31 Ocak 2015

Din adına girişilen kıyıma bir tanıklık

Bu küçük ve alçakgönüllü film, dünyamızın bir bölümünde şu anda oynanan büyük trajediyi yansıtıyor.

TİMBUKTU    X  X  X  

Yönetmen: Abdurahman Sissako
Senaryo: A. Sissako, Kessen Tall
Görüntü: Sofian El Fani
Müzik: Amin Bouhafa
Oyuncular: İsmail Ahmed, Abel Jafri, Toulou Kiki, Leyla Walet Muhammed, Hichem Yacoubi/ Mali-Fransa yapımı.

 

Talihsiz Afrika ülkelerinden biri, eski adıyla Mali, yeni adıyla Moritanya’de 2012 yılı. Timbuktu kenti ve çevresi, o ünlü Afrikalı aşırı İslamcı gruplardan birinin baskınına uğıramıştır. Yedi öküzlük bir sürünün sahibi Kidane, kırsal varoşlarda karısı Satima, genç kızı Toya ve 12 yaşındaki çobanı İssa’yla birlikte sakin bir hayat sürer. Ve yakında olup biten vahşetten uzak kaldığını sanır.

Ama bu bir yanılgıdır. Cihatçı militanlar kısa zamanda oraya da uzanırlar. İçki, sigara, dans ve eğlence zaten yasaktır. Ama ya futbol? Hele cihatçılardan biri de bu spora gerçek bir ilgi duyuyorsa?
Ya müzik? Afrika gibi ritmi adeta damarlarında duyumsayan insanlar diyarında, şarkı ve dans yasaklanabilir mi? Ve gece mehtaba karşı atalarından kalma şarkısını söyleyen bir kadın, bu yüzden tutuklanabilir mi? Gülmeyi bile yasaklayan bir rejim, bu canlı ve yerinde duramayan insanlar diyarında veya dünyanın herhangi bir yerinde gerçekten egemen olabilir mi? 
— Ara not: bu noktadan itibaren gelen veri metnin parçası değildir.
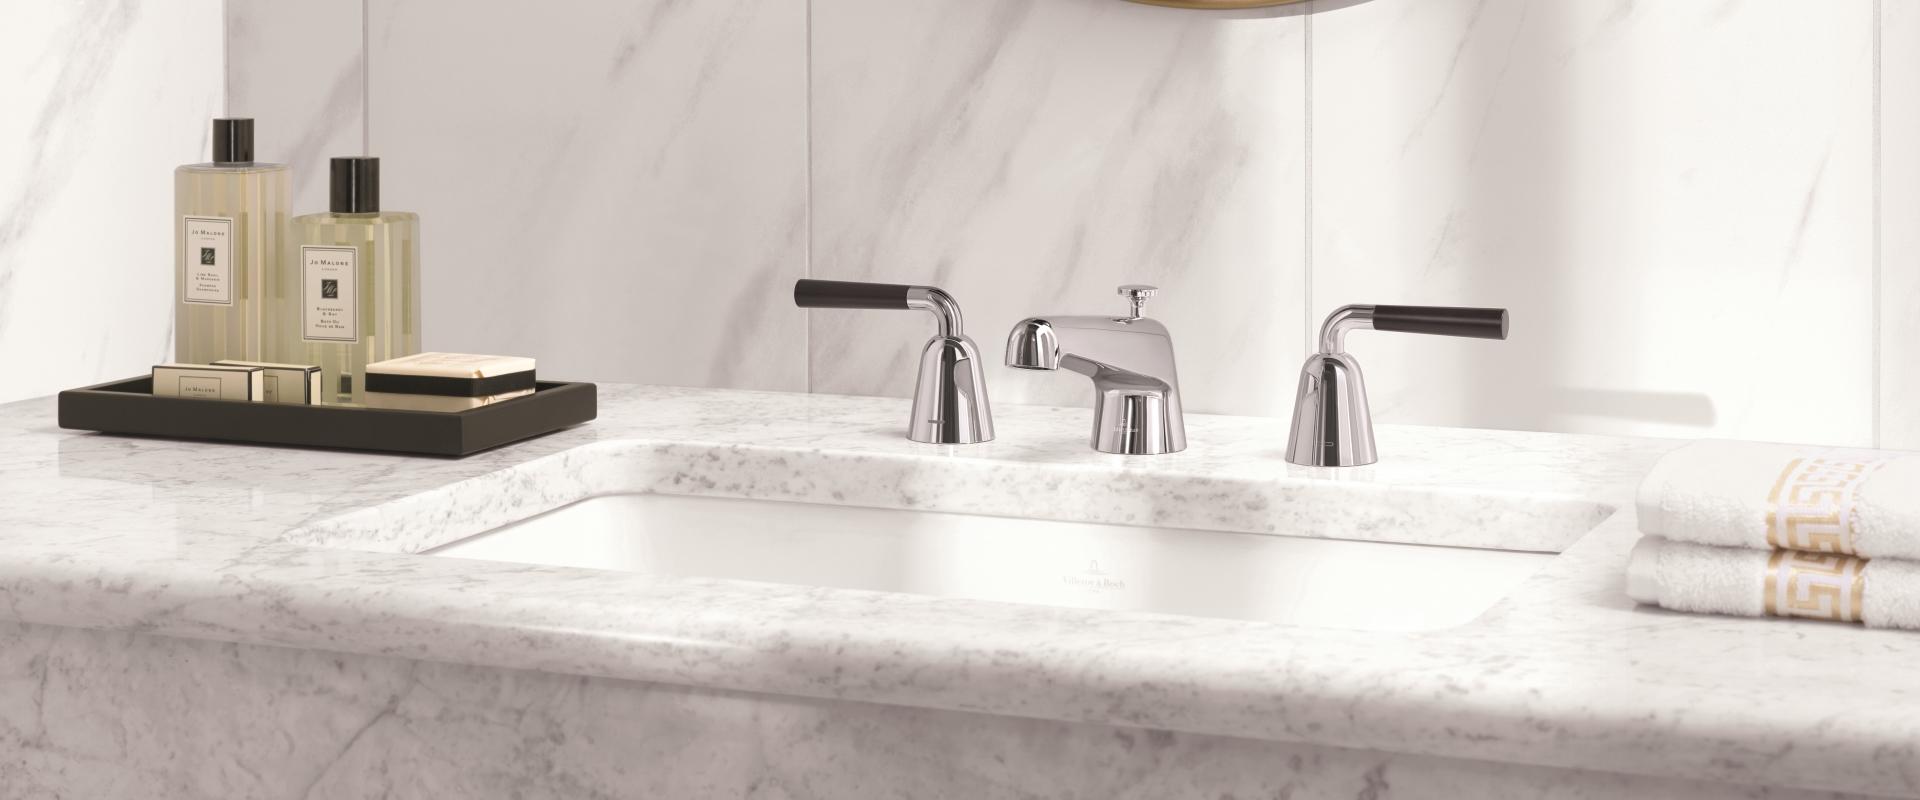 la collection domicil de villeroy boch. Black Bedroom Furniture Sets. Home Design Ideas
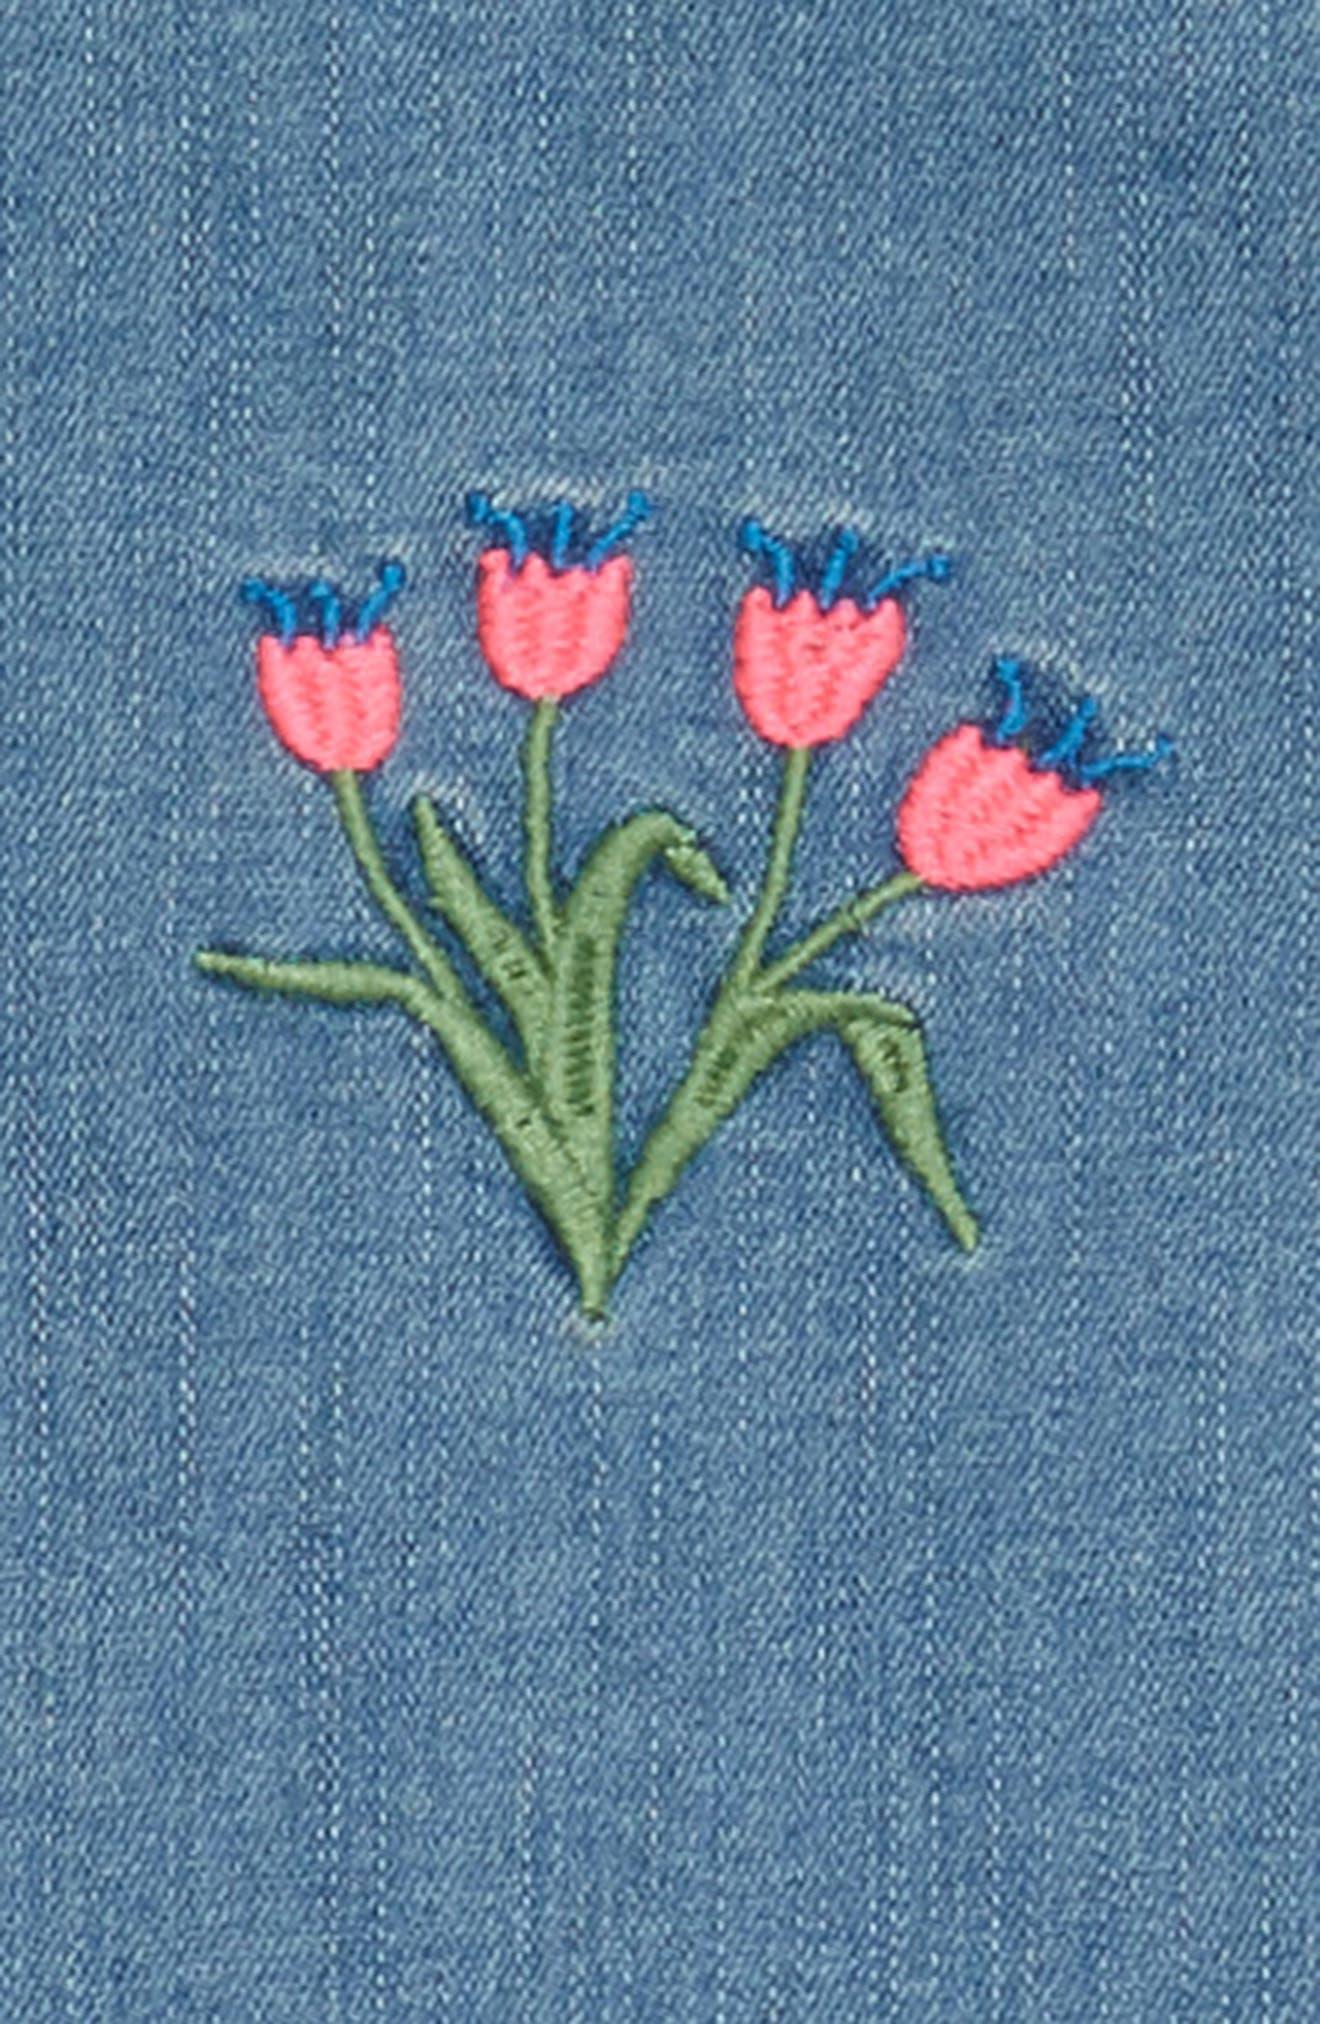 Embroidered Denim Shift Dress,                             Alternate thumbnail 3, color,                             420

Kara kıtanın çok sayılı sinemacılarından, daha önce de Bamako filmiyle tanınan 1961 doğumlu Abdurahman Sisako, neredeyse on yıl sonra yeni bir filmle karşımıza geliyor. 2014 Cannes şenliğinde dünya galasını yapan ve bu yıl yabancı film dalında Oscar’a aday olan Timbuktu, yine yönetmenin kişisel uslubunu taşıyor: bir tür şiirsel belgesel, özgür ve serbest bir anlatım, bir yanıyla kıtanın temel ve güncel sorunlarına tanıklık ederken, öte yandan farklı insan kişilikleri sunma çabası. 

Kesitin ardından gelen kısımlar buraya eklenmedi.